North Carolina cannot use the law known as House Bill 142 to bar transgender people from using the restrooms and other facilities that match their gender identity in buildings under state management, under a settlement approved Monday by a federal judge.
U.S. District Judge Thomas D. Schroeder approved a consent decree order finalizing an agreement reached by Gov. Roy Cooper and civil rights groups representing transgender North Carolinians, settling a major issue in a three-year legal battle over the infamous House Bill 2 and HB 142, the law that replaced it. Schroeder had already ruled last year that the state could not use HB 142 to block trans access, but the agreement ends state resistance to the ruling and ends the plaintiffs’ legal action over this issue. The Republican-controlled state legislature had opposed the agreement.

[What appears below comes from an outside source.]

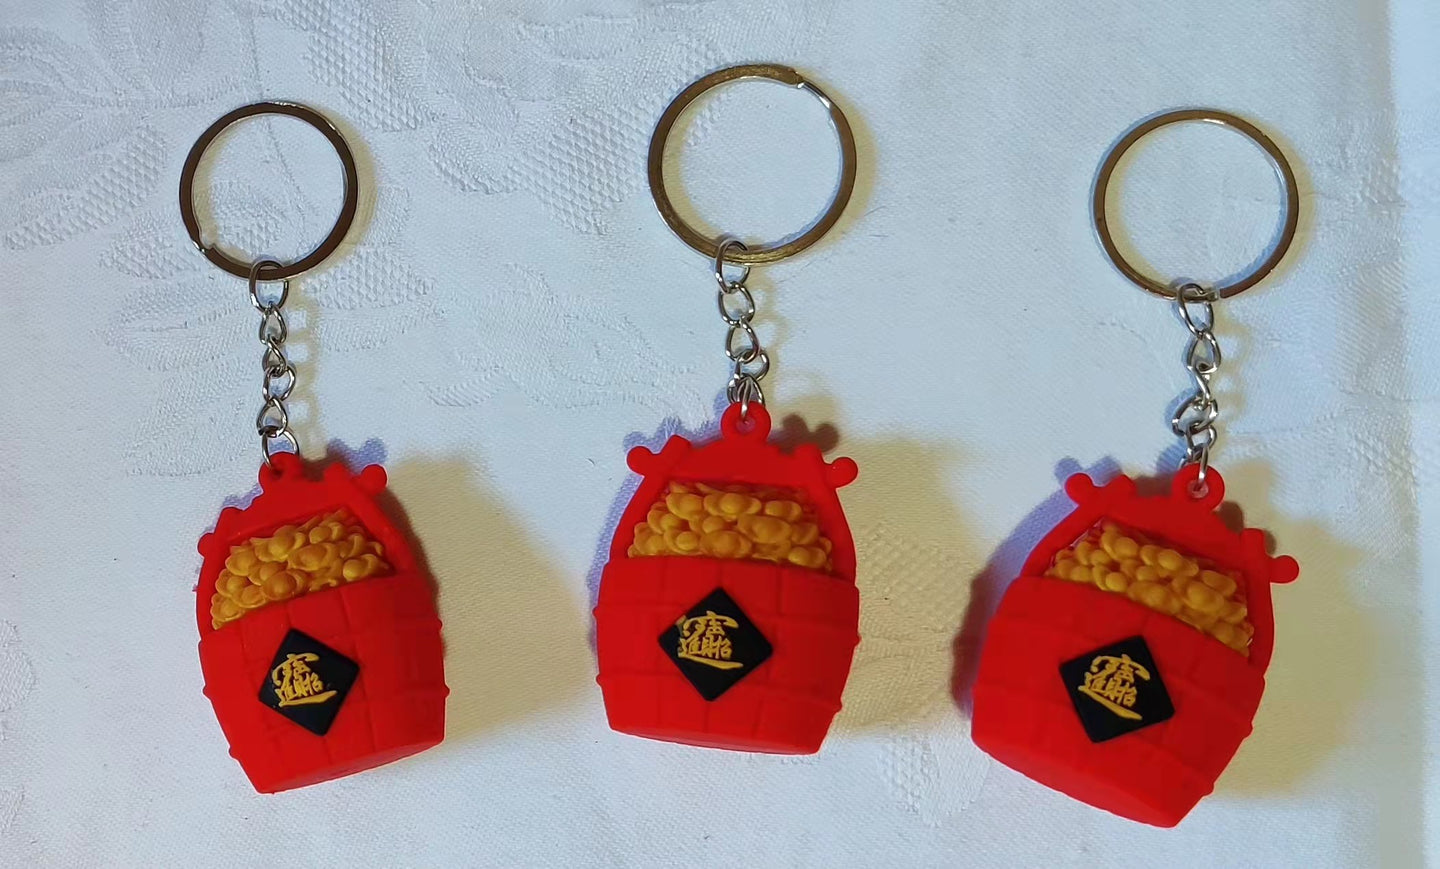 Porte-clés seau en caoutchouc (3,80 x 5,00 cm)

HB 2, passed in 2016, barred trans people from using the facilities comporting with their gender identity in any government building in the state, whether run by a state, city, or county. It also prevented any city or county from adopting or enforcing a nondiscrimination law broader than the state’s — something aimed particularly at laws banning discrimination based on sexual orientation or gender identity. Six North Carolinians sued over HB 2, with representation from Lambda Legal, the American Civil Liberties Union, and the ACLU’s North Carolina affiliate.
Republican Gov. Pat McCrory had signed HB 2 into law. He lost reelection in 2016 to Democrat Roy Cooper, who as the state’s attorney general had opposed HB 2 and refused to defend it in court. With Cooper as governor, the state passed HB 142 in 2017 to repeal some of the provisions of HB 2, although many LGBTQ activists said it did not go far enough; among other things, it left the issue of restroom access up to the state. The lawsuit was amended to challenge that aspect of HB 142.
The consent decree now settles that, at least in buildings controlled by the executive branch of state government. But HB 142 still prevents municipalities from passing any prohibitions on discrimination in places of public accommodation or by employers until December 2020, Lambda Legal and the ACLU noted in a press release, although those that had such laws previously can enforce them.
“This is a tremendous victory but not a complete one,” Joaquin Carcaño, the lead plaintiff in the case, said in the release. “While I am glad that Governor Cooper agreed to this settlement, it remains devastating to know that local protections for LGBTQ people are still banned under state law while so many members of our community continue to face violence, harassment, and discrimination simply because of who we are. The fight for full justice will continue.”
Also remaining unresolved is a portion of the case challenging the lawfulness of HB 2 when it was in effect. That is on hold while the U.S. Supreme Court hears cases involving anti-LGBTQ employment discrimination, set for oral arguments October 8.